▶ **GIVEN DATA**:
--------------------

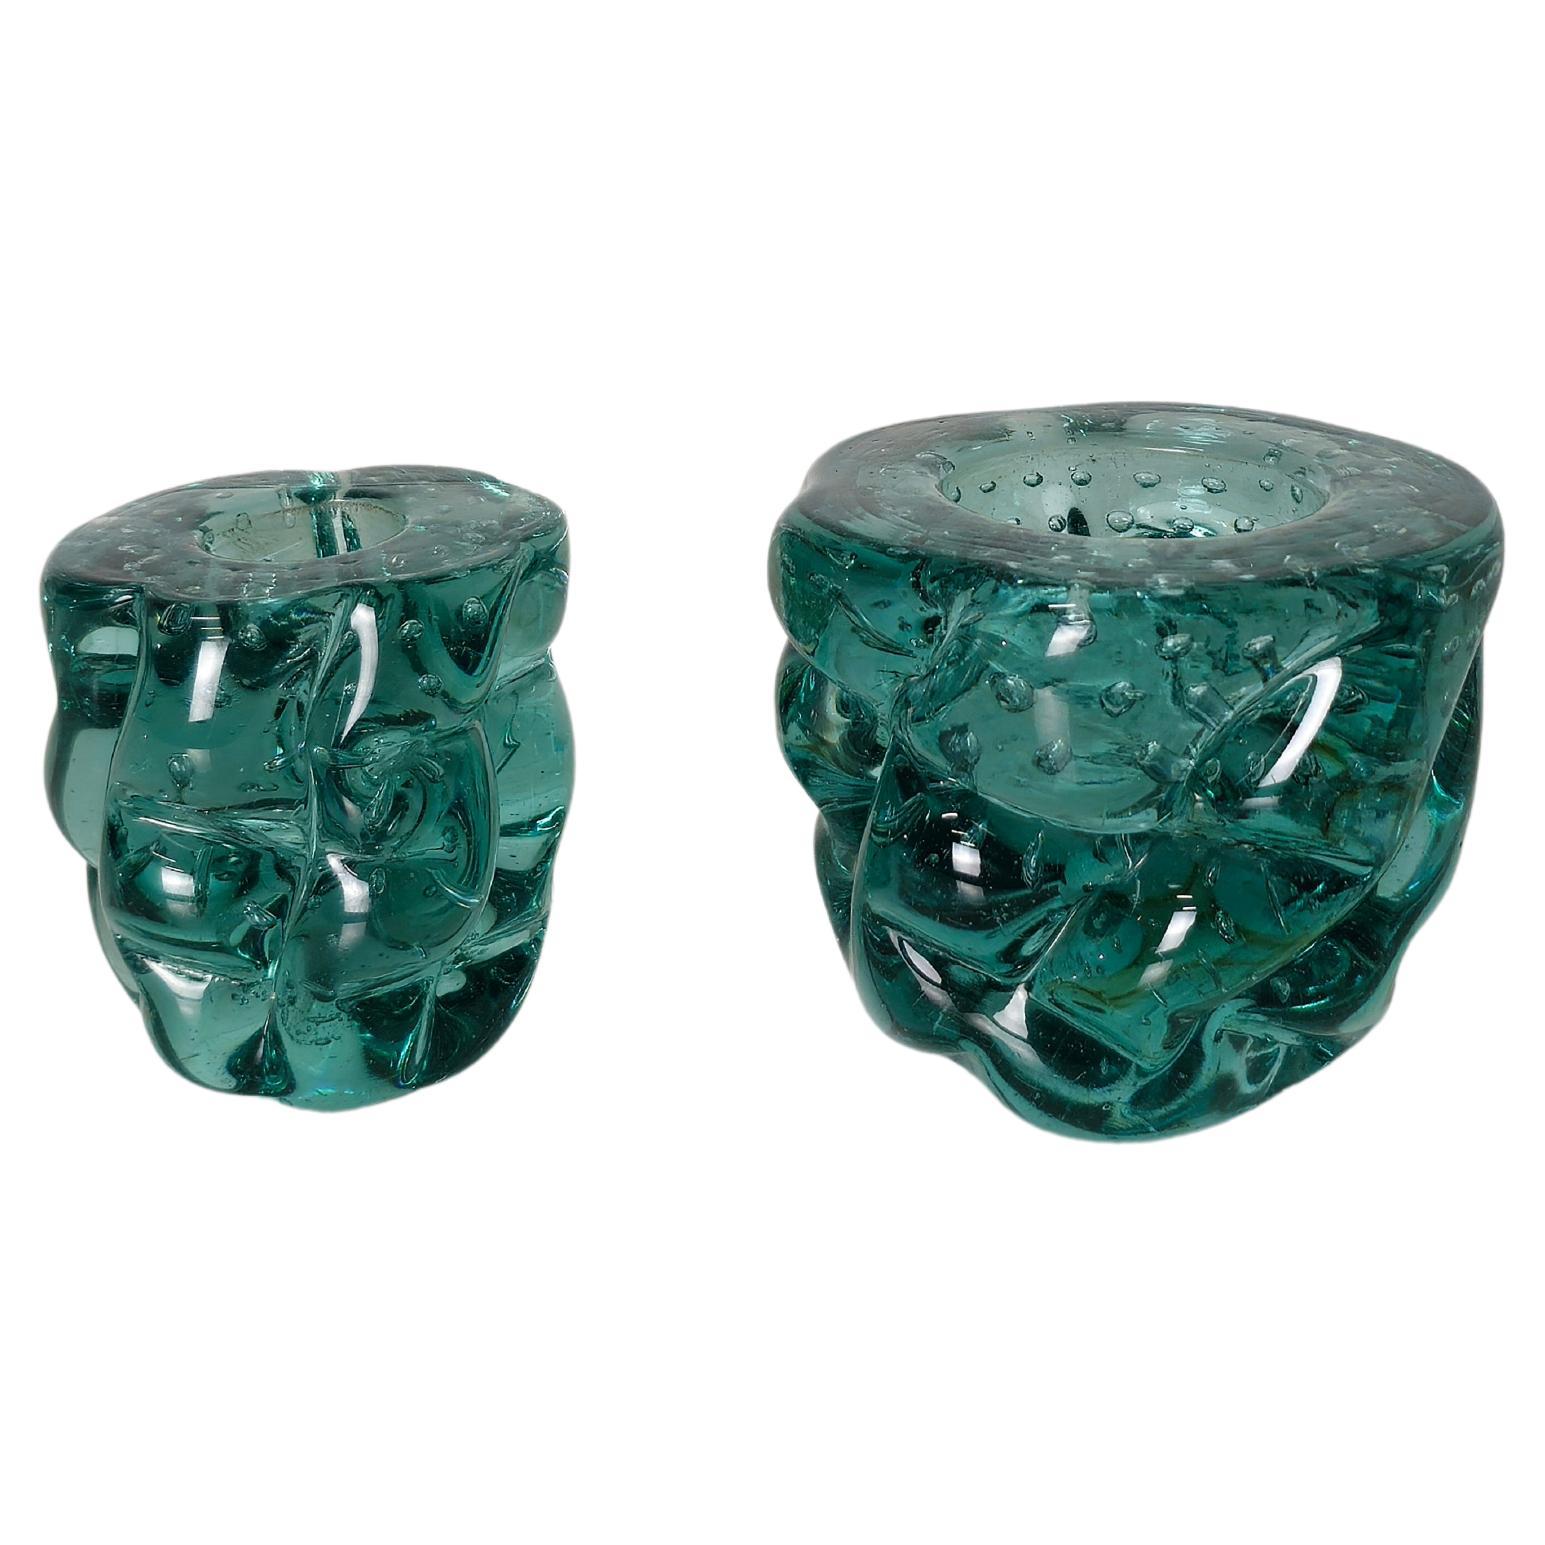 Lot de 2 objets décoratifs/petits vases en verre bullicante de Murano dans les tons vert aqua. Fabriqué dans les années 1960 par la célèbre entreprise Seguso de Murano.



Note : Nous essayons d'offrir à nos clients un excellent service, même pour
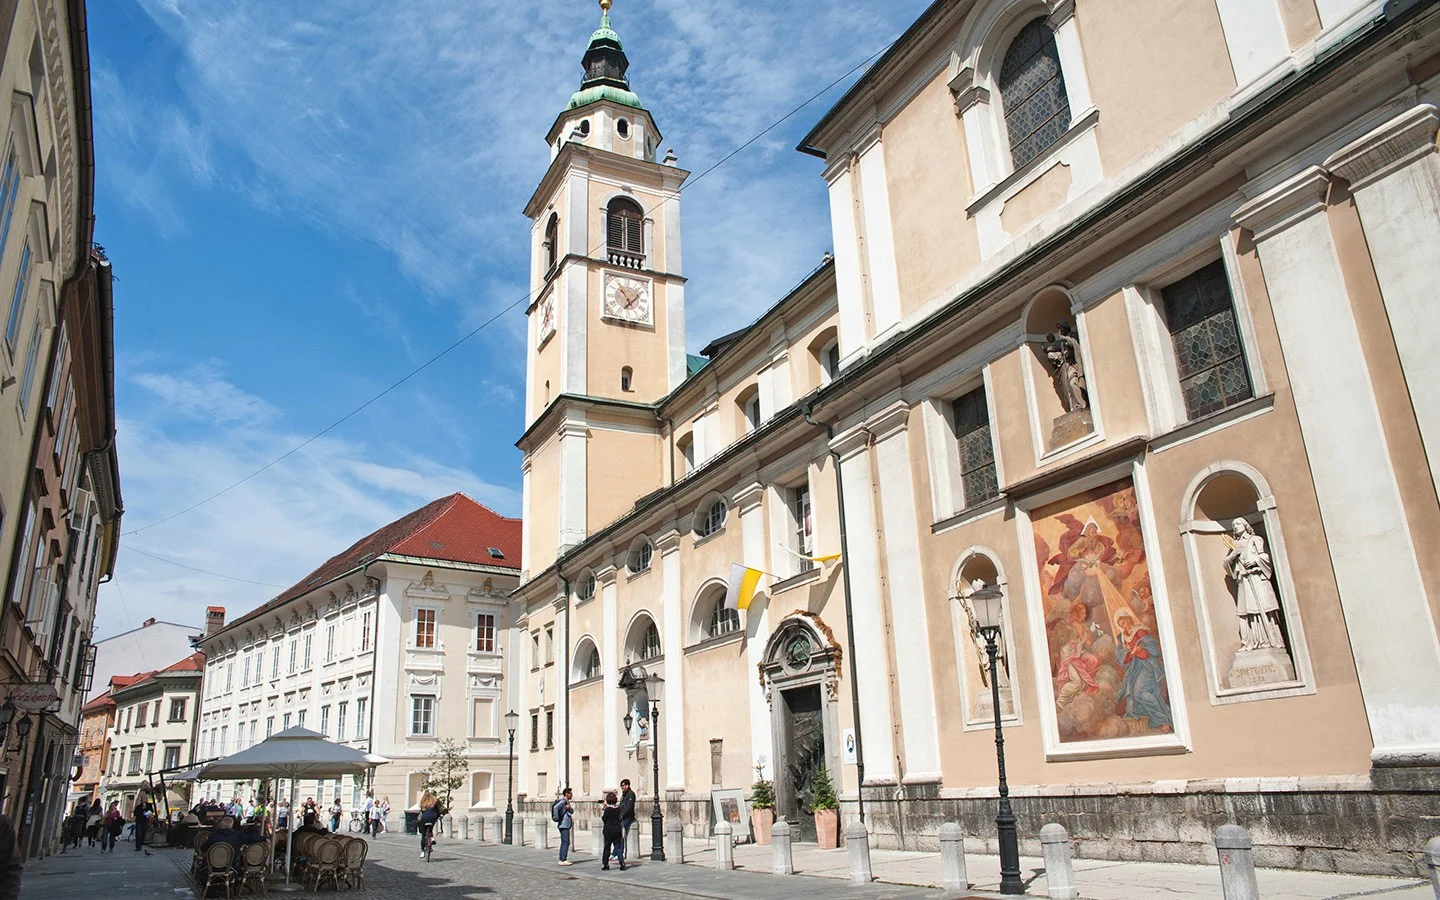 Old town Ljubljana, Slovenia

--------------------

▶ **WHAT THE TASK REQUIRES**: Line for line, restate the data above and omit every picture.

▶ **WORKED SOLUTION**:
 Lot de 2 objets décoratifs/petits vases en verre bullicante de Murano dans les tons vert aqua. Fabriqué dans les années 1960 par la célèbre entreprise Seguso de Murano.



Note : Nous essayons d'offrir à nos clients un excellent service, même pour
 Old town Ljubljana, Slovenia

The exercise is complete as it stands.